More on Technology

Frank Andrade
2 years ago
I discovered a bug that allowed me to use ChatGPT to successfully web scrape. Here's how it operates.
This method scrapes websites with ChatGPT (demo with Amazon and Twitter)
In a recent article, I demonstrated how to scrape websites using ChatGPT prompts like scrape website X using Python.
But that doesn’t always work.
After scraping dozens of websites with ChatGPT, I realized that simple prompts rarely work for web scraping.
Using ChatGPT and basic HTML, we can scrape any website.
First things first, use ChatGPT's advanced version (Playground)
ChatGPT Playground's enhanced version is needed to scrape websites quickly. It generates code faster and has less constraints.
Here’s how it looks.
The classic ChatGPT display just allows you to type a prompt. Playground is more customizable and generates code faster than the basic version.
No more delays or restrictions.
In this tutorial, we'll write prompts underneath Playground.

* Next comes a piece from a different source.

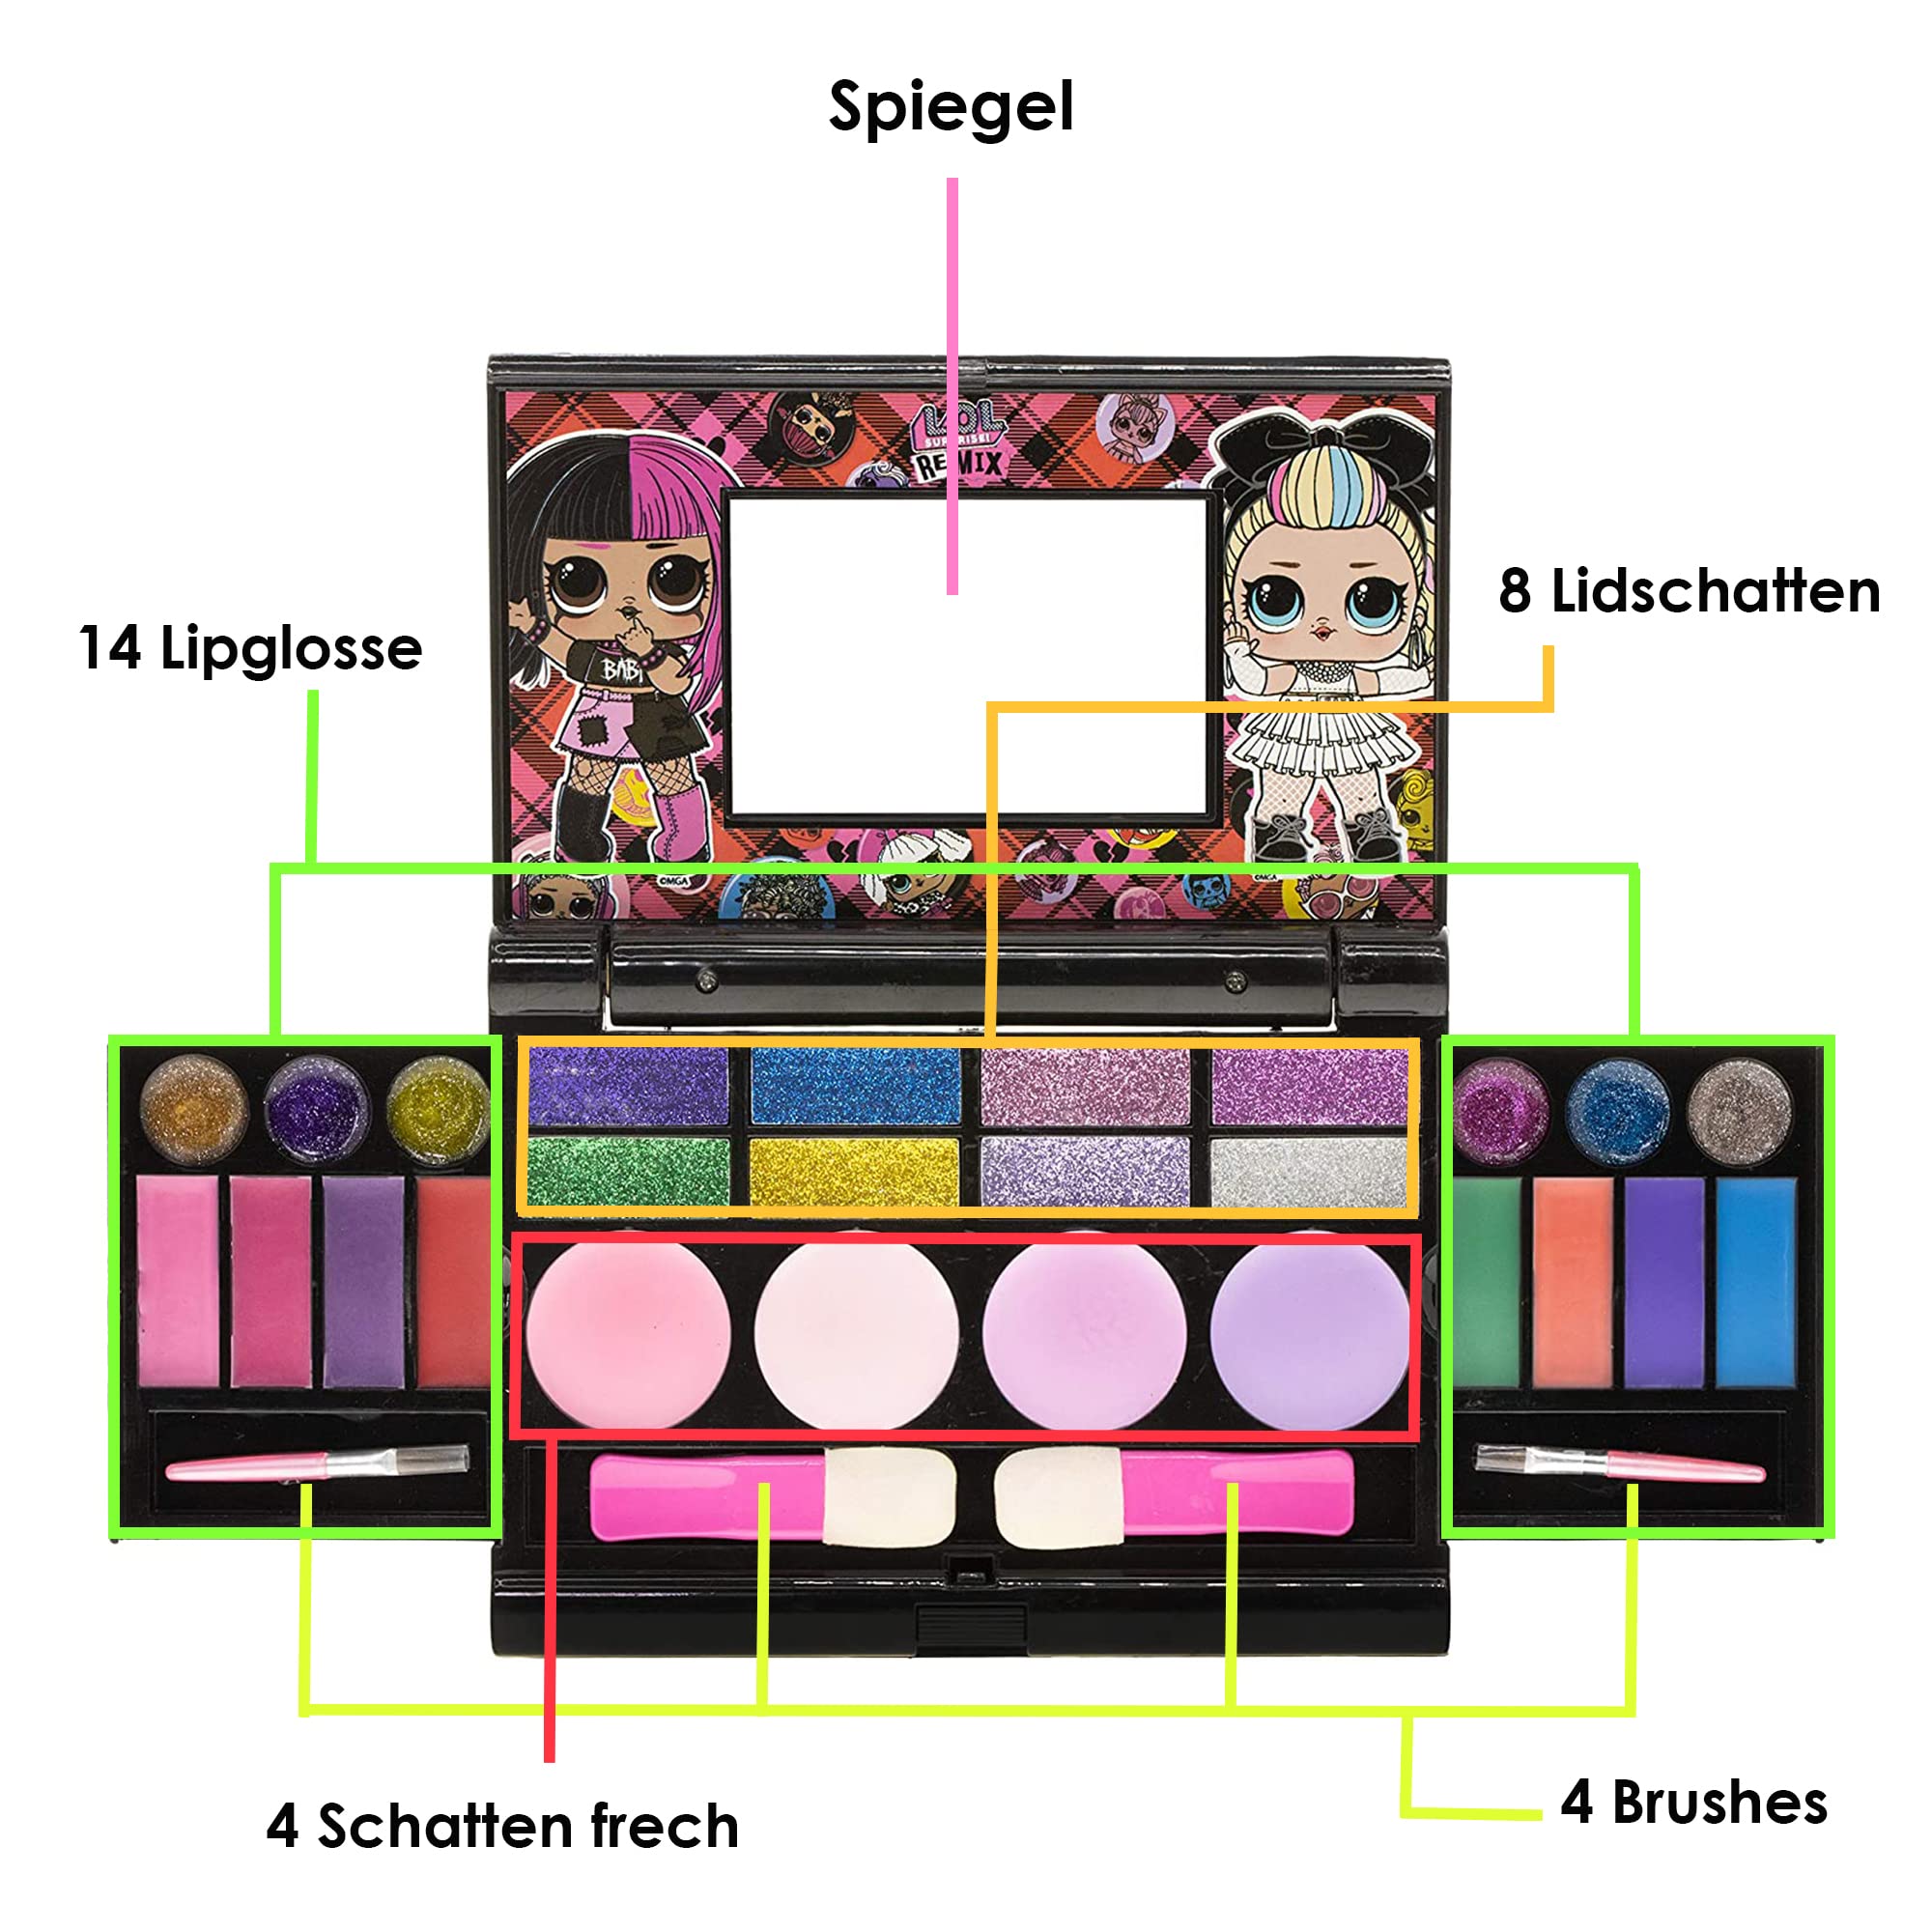 Lol Surprise Townley Girl Train Case Cosmetic Makeup Set for Perfect Kids  Girls

How to Use ChatGPT to Scrape Any Website
To show you how to utilize ChatGPT to scrape any website, we'll use subslikescript, which lists movies.
Later in this post, I'll show you how to scrape Amazon and Twitter, but let's start easy.
If we try a basic prompt like “scrape the movie titles on this website: https://subslikescript.com/movies” it won’t scrape anything. Here’s when we need some HTML knowledge to build the right prompt for ChatGPT.Let's scrape the above movie titles. First, check the webpage. Right-click any element and choose Inspect.
Then see below.
We identify the element to scrape (those in the red box). The data elements are ul, a, and scripts-list.
Here's the prompt for movie titles.
Scrape this website: https://subslikescript.com/movies with Python and Beautiful Soup. Locate the element with tag “ul” and class “scripts-list”. Scrape all the “a” elements inside. Get the text attribute and print it.
Code generated:
import requests
from bs4 import BeautifulSoup
page = requests.get('https://subslikescript.com/movies/')
soup = BeautifulSoup(page.content, 'html.parser')
scripts_list = soup.find(class_="scripts-list")
all_a_elements = scripts_list.find_all('a')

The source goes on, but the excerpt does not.